• Instructions to follow: The pictures are to be left out when the listing below is reproduced word for word.

• Supplied data:
-.-.-

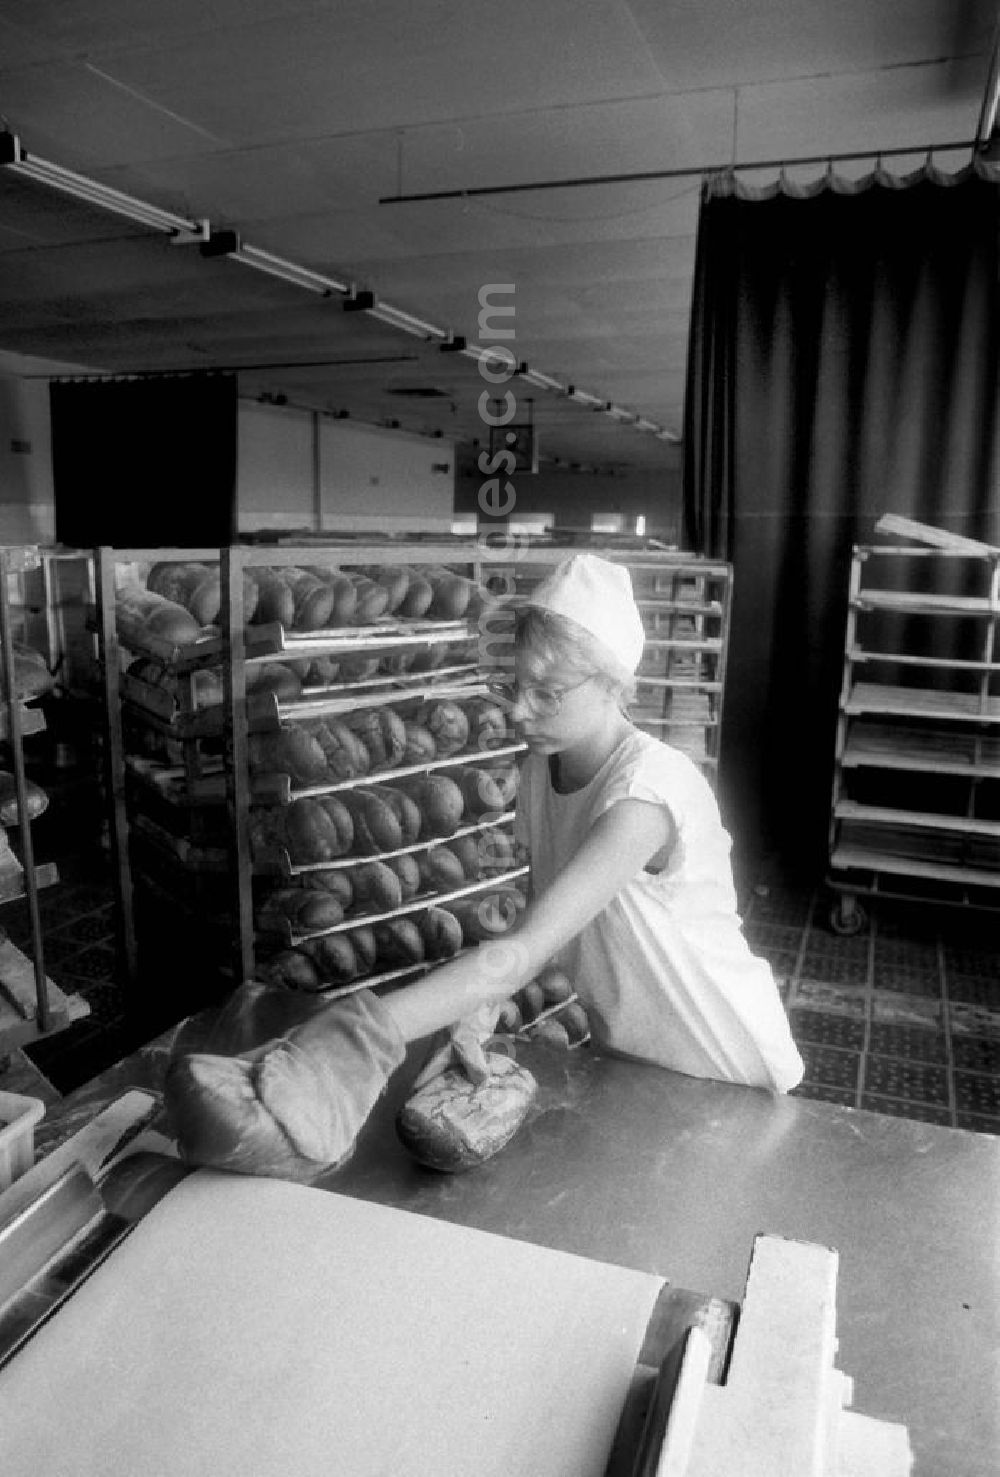 GDR picture archive: Berlin - Eine Arbeiterin einer Bäckerei in Berlin-Heinersdorf nimmt die fertig gebackenen und noch heißen Brote / Brotlaibe vom Fließband. Im Hintergrund sind Mischbrote im Regal gestapelt.
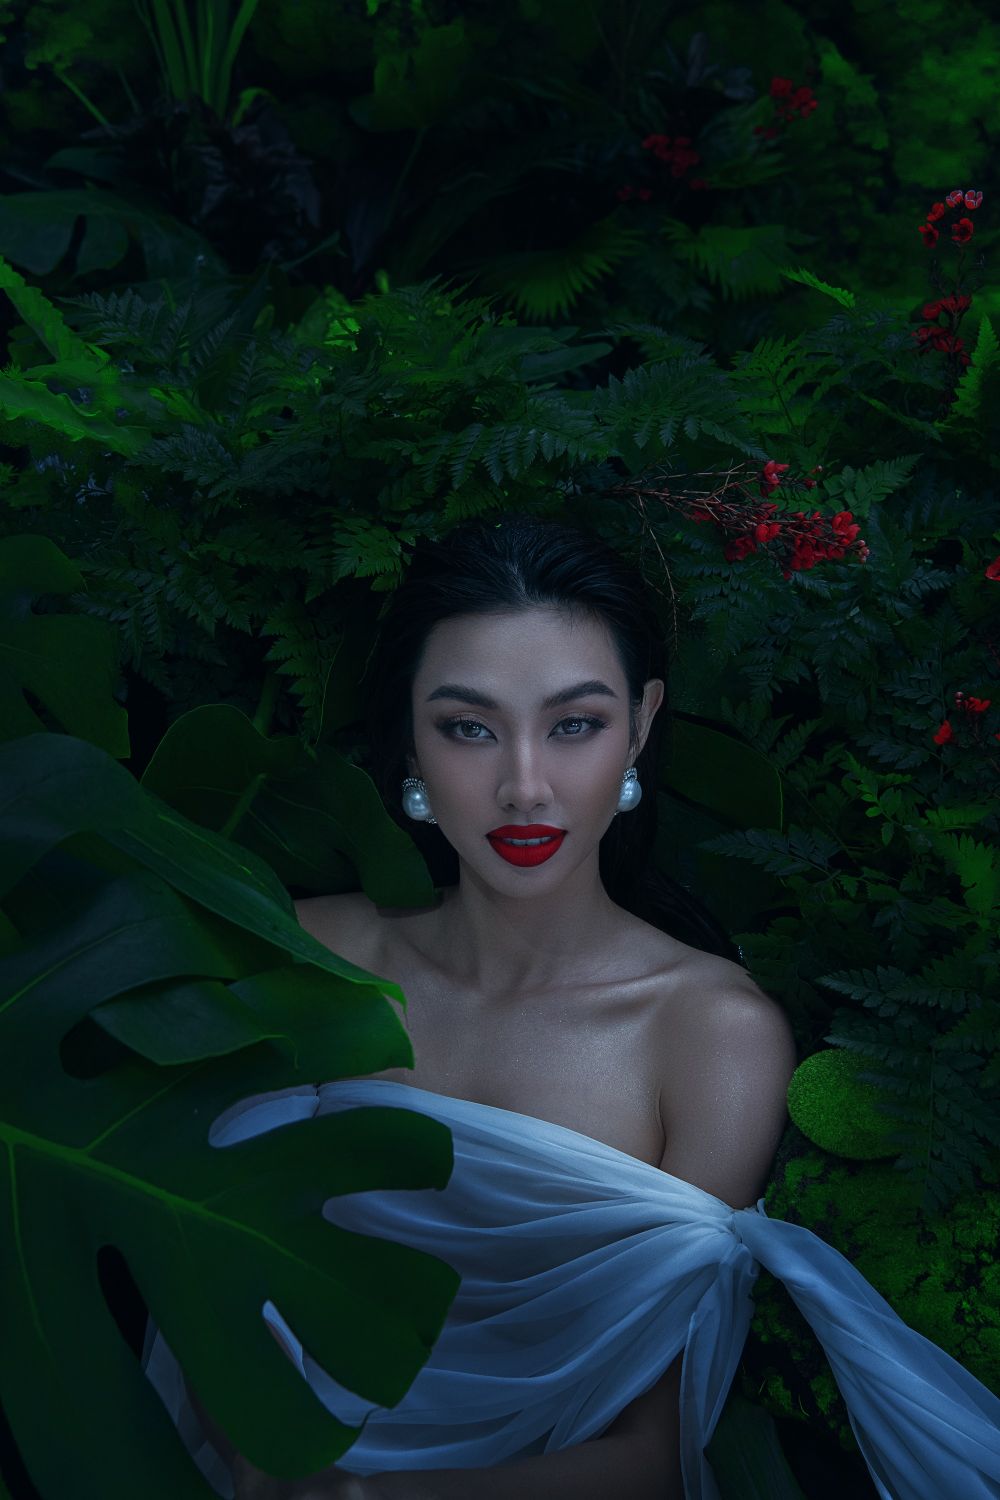 HOA HAU THUY TIEN 12 Diện trang phục xuyên thấu, Hoa hậu Thùy Tiên nóng bỏng thả dáng dưới hồ nước
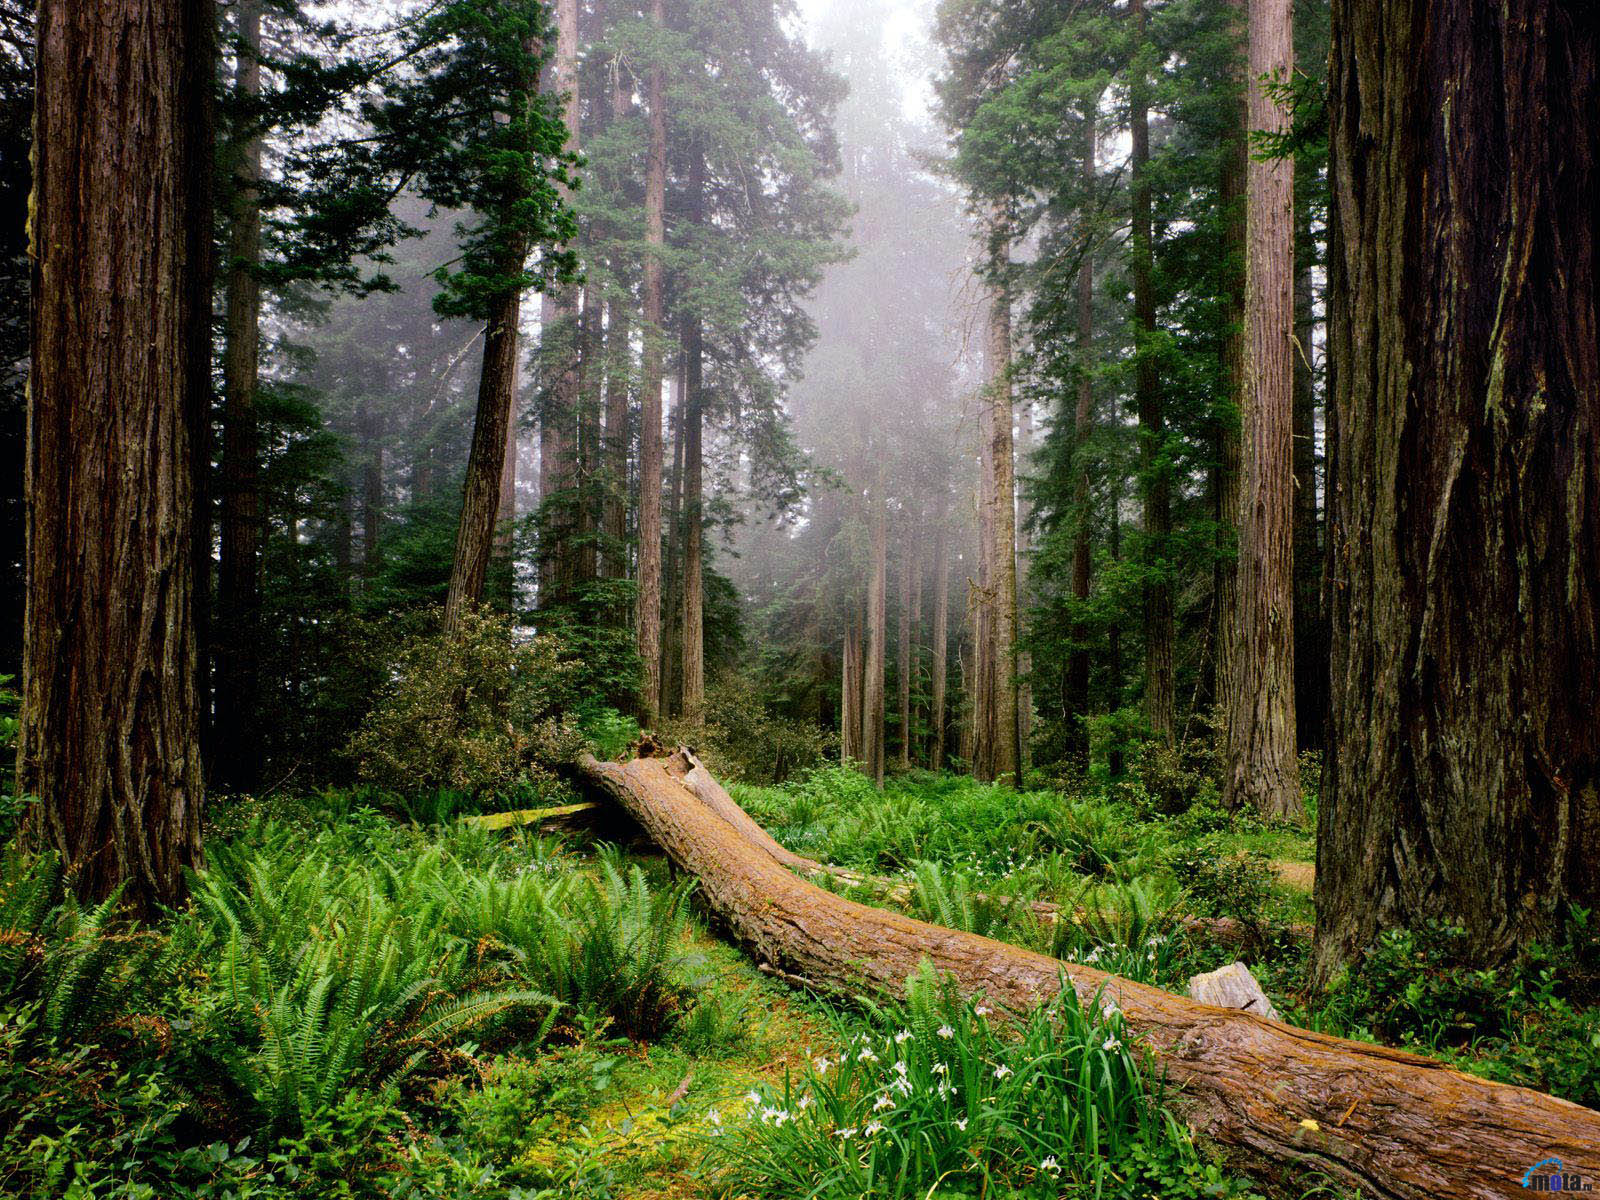 Gobiernos no son conscientes del valor de sus bosques. Chile no es la excepción

-.-.-

• Result:
 GDR picture archive: Berlin - Eine Arbeiterin einer Bäckerei in Berlin-Heinersdorf nimmt die fertig gebackenen und noch heißen Brote / Brotlaibe vom Fließband. Im Hintergrund sind Mischbrote im Regal gestapelt.
 HOA HAU THUY TIEN 12 Diện trang phục xuyên thấu, Hoa hậu Thùy Tiên nóng bỏng thả dáng dưới hồ nước
 Gobiernos no son conscientes del valor de sus bosques. Chile no es la excepción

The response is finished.